Altogether, we raised $350 that will go toward the purchased of Christmas Presents for WBLI's Adopt-A-Kid Holiday Program. I had a lot of help from NYISLES with fine-tuning the event. I'd like to thank all the manufacturers that were generous to donate cigars for the gift bags and raffle prizes: Xikar, Altidas, CAO and one that I'll keep anonymous and let him come foward if he so wishes.

A great time was had by all and I've had many request to make this an annual event....which just may happen!


----------



## JoeyBear (Jul 31, 2007)

That's friggin excellent!!!


----------



## tx_tuff (Jun 16, 2007)

Great cause! And I'm sure if it turns into a yearly event it will just grow!!


----------



## mhlatke (Oct 13, 2007)

Great pics and a super cause!

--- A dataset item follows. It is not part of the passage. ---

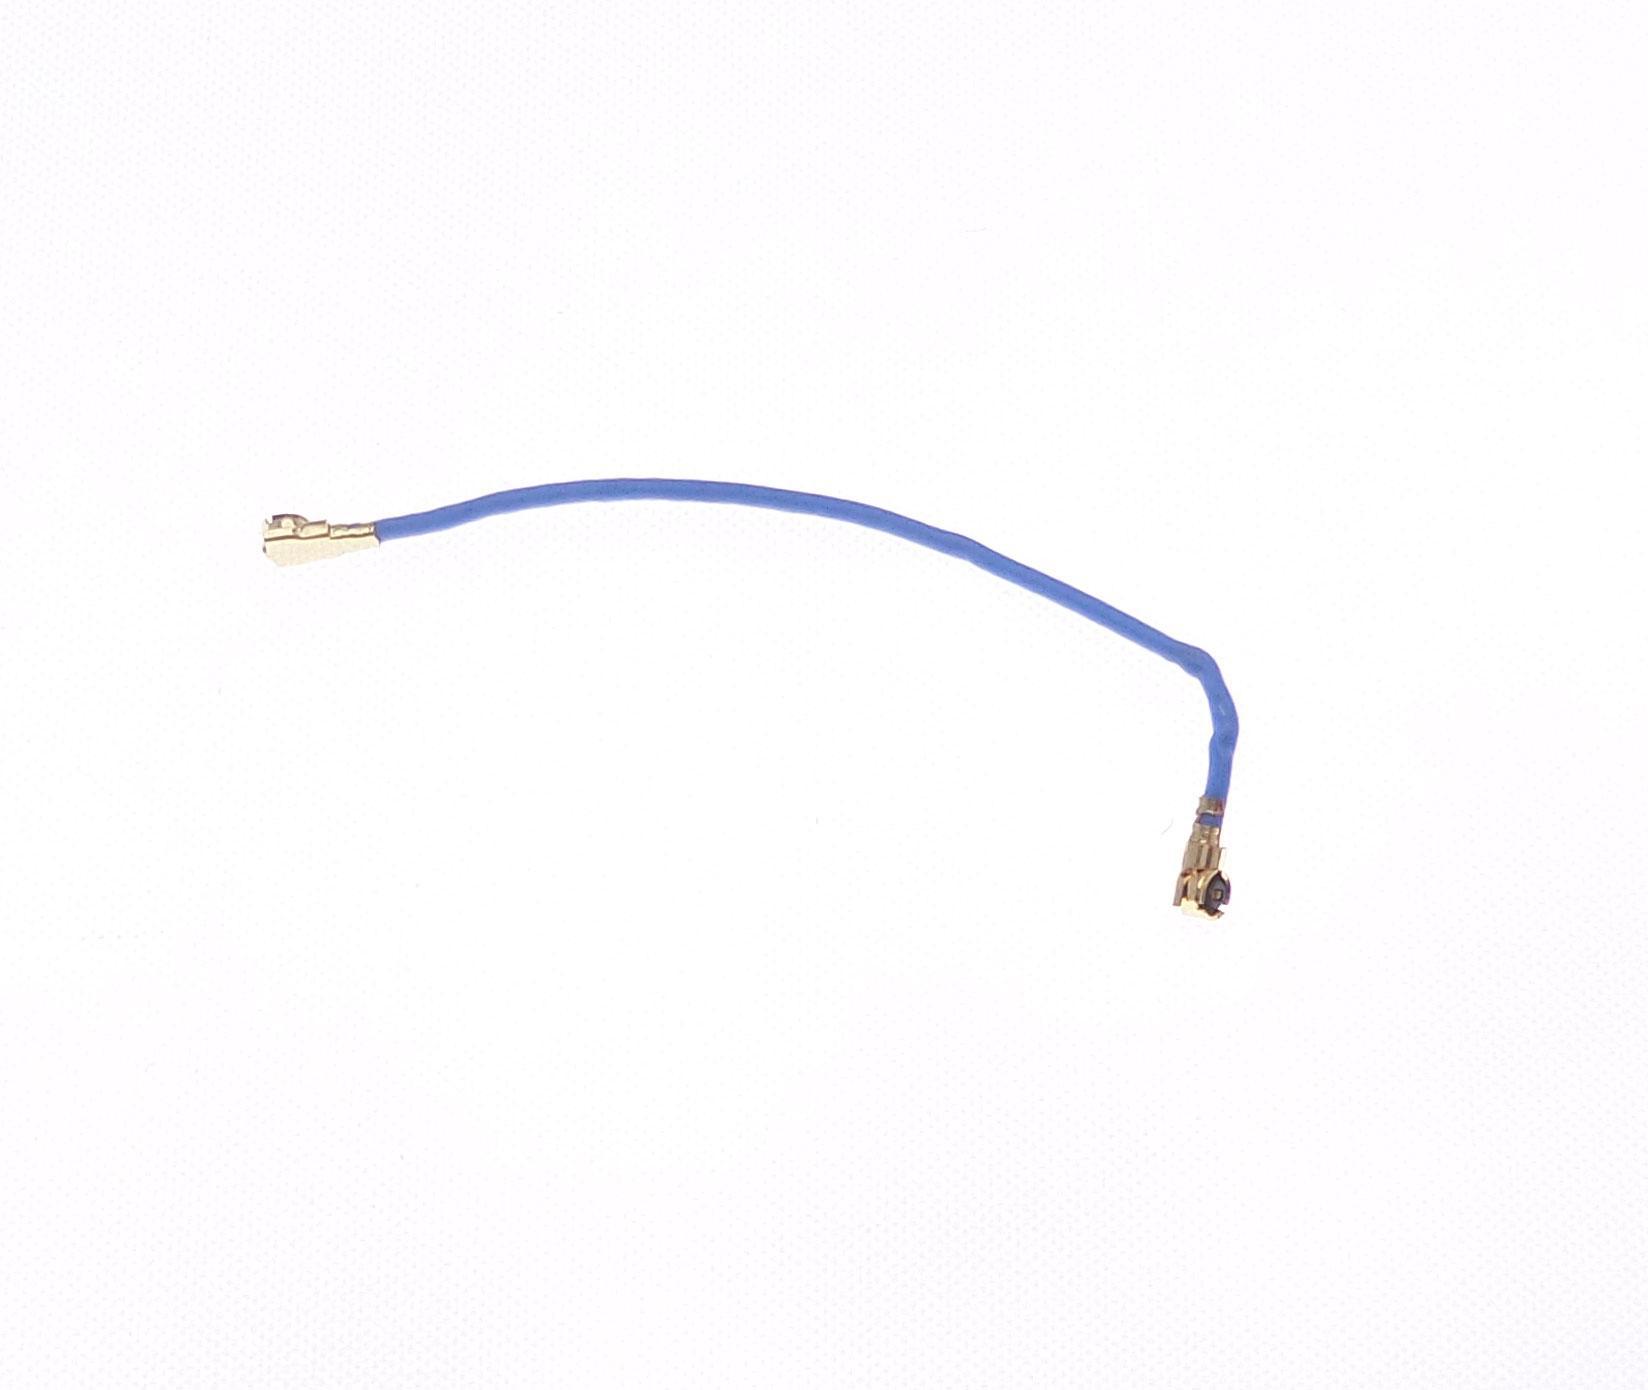 Cable coaxial bleu pour Samsung Galaxy S5 SM-G900F G900A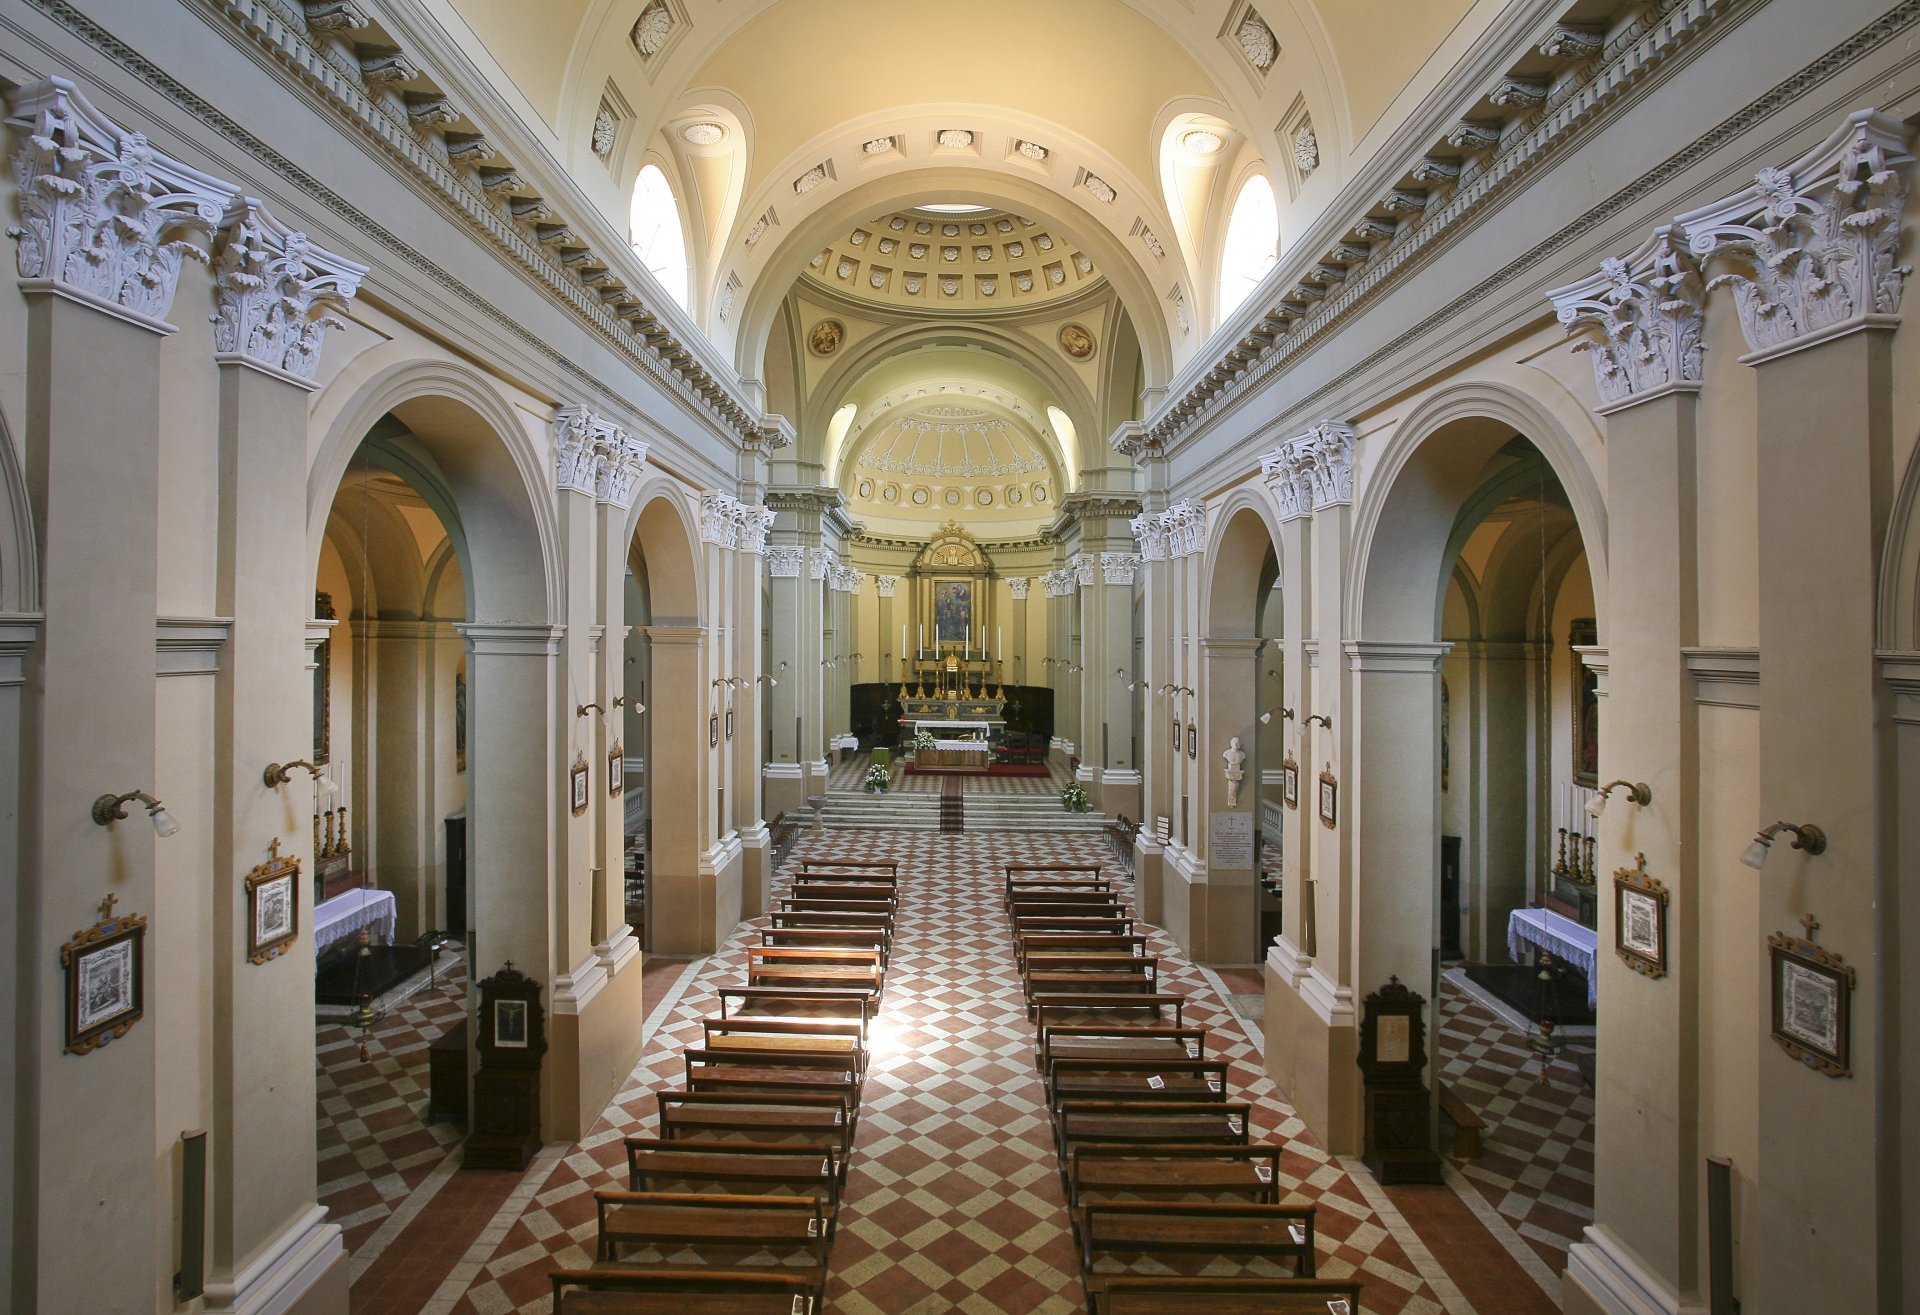 Verucchio | Chiesa Collegiata Foto(s) von Paritani

Way to give back!


----------



## azpostal (Jul 12, 2008)

Nice going, way to help others and have a good time doing it.


----------



## tobacmon (May 17, 2007)

Great job and for the best thing ever--giving some kids the joy of the Holiday--man's got a big heart!

WTG EVP----


----------



## sboyajian (Jun 27, 2008)

Great job! Thanks to all the participants and manufacturers for donating to such a wonderful cause.


----------



## dnapunk (Feb 17, 2008)

Sorry I couldn't be there. I wish I had known, I work for WBLI and they would have likely sent me, being the Stogie freak I am. Thanks again for all you guys did!


----------



## Camacho Junior (May 29, 2008)

That's great. I wish I still lived in NY cuz i would of came to help the cause.


----------



## dnapunk (Feb 17, 2008)

Oh LI BOTL


----------



## LkyLindy (Feb 1, 2008)

Nice going Pete


----------



## happy1 (Jun 29, 2007)

great pics!!


----------



## Doogie (Oct 15, 2007)

very nice Pete


----------



## big04deuce (May 16, 2008)

Good stuff there!!!


----------



## Cypress (Jun 27, 2007)

Looks like yall had a blast.


----------